NYT reviews Everything/Nothing/Someone: A Memoir by Alice Carrière (Spiegel & Grau): “It is also refreshing to read a memoir of dysfunctional family and psychological disorder that is not self-pitying but raw, filled with sorrow, dark humor and sharp observation”; The Deadline: Essays by Jill Lepore (Liveright: Norton): “The book emerges as a riveting survey of America, a vital reminder that ‘history isn’t a pledge, it’s an argument’”; and The Once Upon a Time World: The Dark and Sparkling Story of the French Riviera by Jonathan Miles (Pegasus): “Jonathan Miles’s Once Upon a Time World is a delightful, dizzying romp through the world’s most glamorous muse: the French Riviera.” Plus, there is a paired review of two books about Mr. and Mrs. Orwell: Orwell: The New Life by D.J. Taylor (Pegasus), and Wifedom: Mrs. Orwell’s Invisible Life by Anna Funder (Knopf): “Although they approach the matter from different angles, both of these writers problematize the Orwell myth and try to work out what he can and cannot do for us.”

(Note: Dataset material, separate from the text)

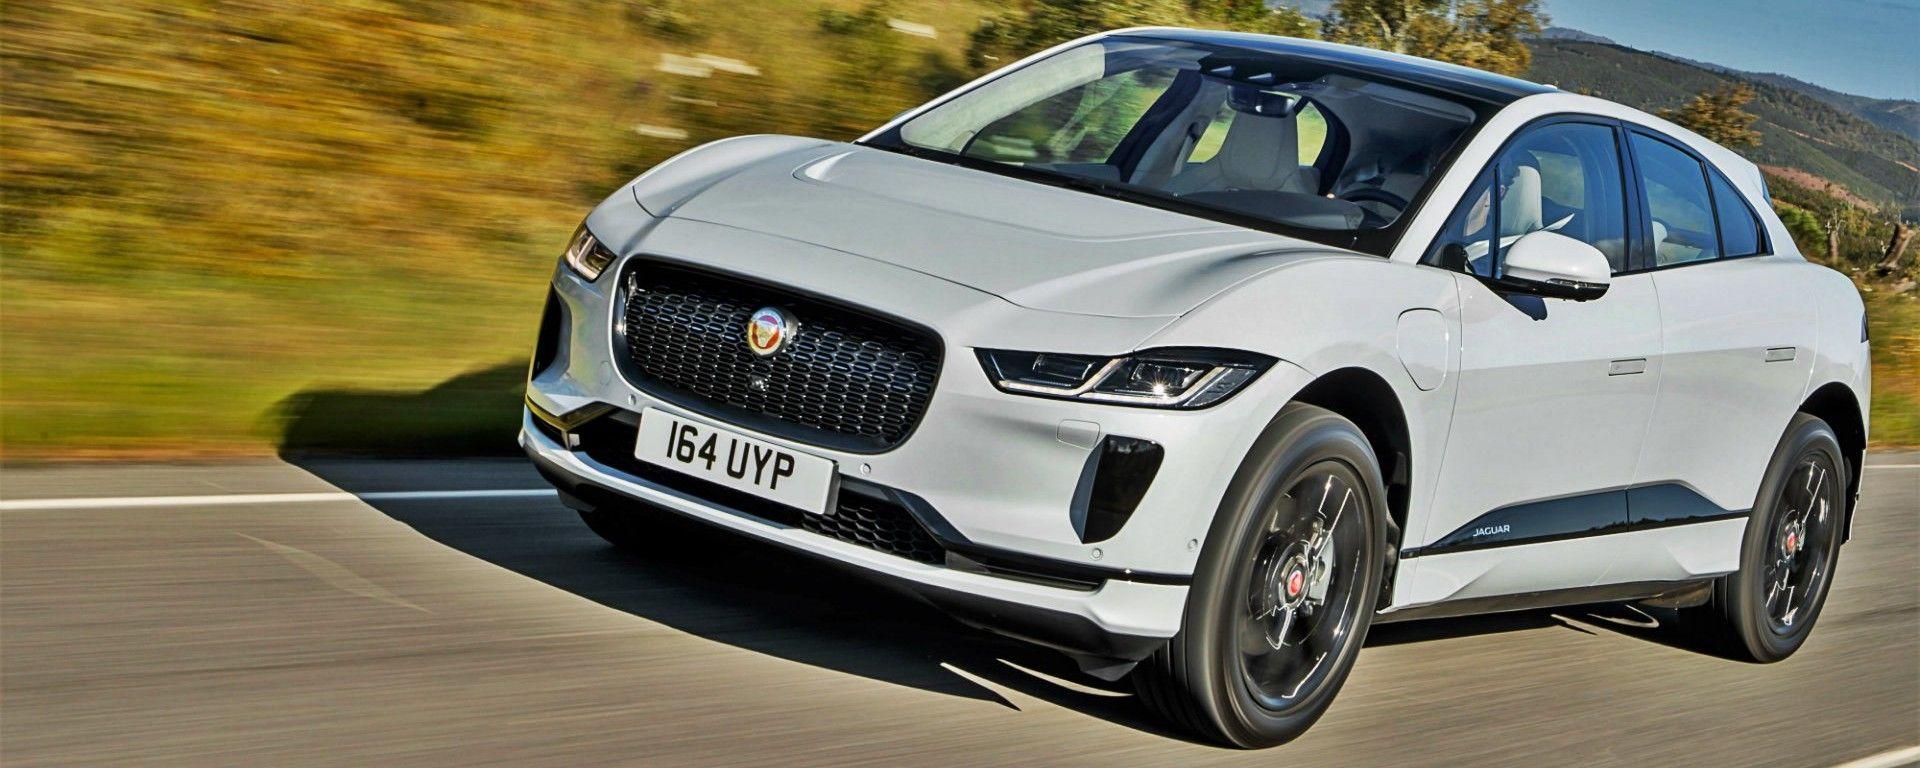 Jaguar I-Pace: la prova su strada del nuovo SUV elettrico [VIDEO]

Washington Post reviews Three Rocks: The Story of Ernie Bushmiller, the Man Who Created Nancy by Bill Griffith (Abrams): “Affectionate insight into the syndicated cartoonist’s life pulses through Three Rocks. The book serves, too, as an invitation to understand that artistic simplicity does not equal simple-mindedness.”

The Guardian reviews Amy Winehouse: In Her Words by Amy Winehouse (Dey Street): “It’s impossible to know how Winehouse would have felt about all this, even if the proceeds of this relentlessly touching, often funny coffee table book go to support the charities set up in her name.”

Briefly Noted

Washington Post reports that the Pulitzer Prize will consider opening books and arts prizes to noncitizens, at its October meeting.

The Polari Prize’s 2023 longlists are announced. Publishing Perspectives has details.

Xiaole Zhan wins the 2023 KYD Creative Nonfiction Essay Prize. Books+Publishing reports. 

Samantha Mills wins the Theodore Sturgeon Memorial Award. Locus has the news. 

FoxNews talks with Joanna Falcone Sullivan, whose book Marple’s Gretchen Harrington Tragedy: Kidnapping, Murder and Innocence Lost in Suburban Philadelphia, written with Mike Mathis (The History Pr.), led to an arrest in a 48-year-old cold case. 

NYT features the taboo-breaking work of French novelist Mathieu Belezi

The AP shares a fall book preview

CrimeReads suggests 10 new books for the week

Tor has “Can’t-Miss Indie Press Speculative Fiction for September and October 2023.”

The Atlantic considers the ethics of book blurbs.

Legendary game show host, animal activist, and author Bob Barker has died at the age of 99. PBS Canvas remembers his legacy

Authors on Air

A new trailer arrives for Cat Person, based on viral New Yorker story by Kristen Roupenian, which will premiere in theaters October 6. Deadline has the story.